408228: GYM103059 I Prefix Prizes

I. Prefix Prizestime limit per test1 secondmemory limit per test256 megabytesinputstandard inputoutputstandard output

Mateo, the owner of Austin's most popular video game store, was in a generous mood one day. He decides to give a gift to each of the $$$n$$$ people currently in his store and he has $$$n$$$ distinct prizes labeled $$$0, 1, \dots, n - 1$$$ to give out. Since Mateo never does anything the simple way, he comes up with the following scheme to give the prizes out.
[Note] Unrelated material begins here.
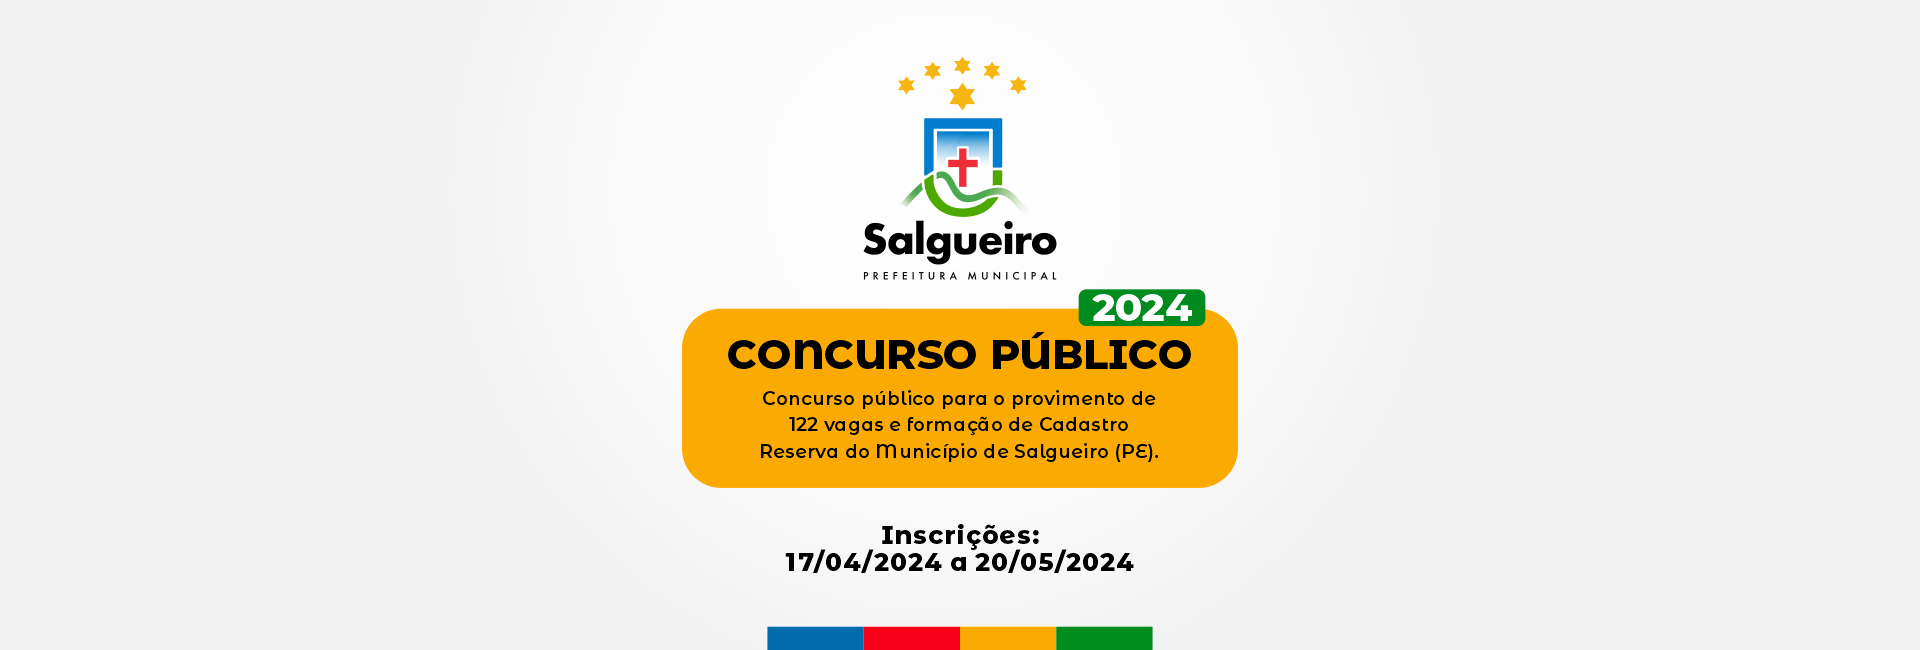 CONCURSO PÚBLICO 2024.

He gives each of the $$$n$$$ people in the store unique numbers from $$$1$$$ to $$$n$$$ (inclusive). He then asks everyone to form a line and so the resulting ordering of the people can be written as the sequence $$$[x_1, x_2, \dots, x_n]$$$ (where each $$$x_i$$$ is unique and $$$1 \leq x_i \leq n$$$). The prize which Mateo gives person $$$x_j$$$ is equal to $$$x_1 \cdot x_2 \cdot \ldots \cdot x_{j-1} \cdot x_{j} \pmod{n}$$$. Unfortunately, Mateo only has one of each prize so he asks you to come up with an ordering of the $$$n$$$ people so that each person will get a unique prize number.

Input

The first and only line of input will contain a single integer $$$n$$$ ($$$1 \leq n \leq 5 \cdot 10^5$$$), representing the number of people in the store.

Output

A space-separated permutation of the numbers from $$$1$$$ to $$$n$$$ (inclusive), representing the ordering of people such that each person can get a distinct prize. Output -1 if there is no such permutation.

ExamplesInput

7

Output

1 4 3 6 5 2 7

Input

8

Output

-1

Note

In the first example:

• The product after the first person is $$$1$$$ so the first person gets prize $$$1$$$.
• The product after the second person is $$$1 \cdot 4 = 4 \equiv 4 \pmod{7}$$$ so the second person gets prize $$$4$$$
• The product after the third person is $$$4 \cdot 3 = 12 \equiv 5 \pmod{7}$$$ so the third person gets prize $$$5$$$.
• The product after the fourth person is $$$5 \cdot 6 = 30 \equiv 2 \pmod{7}$$$ so the fourth person gets prize $$$2$$$.
• The product after the fifth person is $$$5 \cdot 2 = 10 \equiv 3 \pmod{7}$$$ so the fifth person gets prize $$$3$$$.
• The product after the sixth person is $$$3 \cdot 2 = 6 \equiv 6 \pmod{7}$$$ so the sixth person gets prize $$$6$$$.
• The product after the seventh person is $$$6 \cdot 7 = 42 \equiv 0 \pmod{7}$$$ so the seventh person gets prize $$$0$$$.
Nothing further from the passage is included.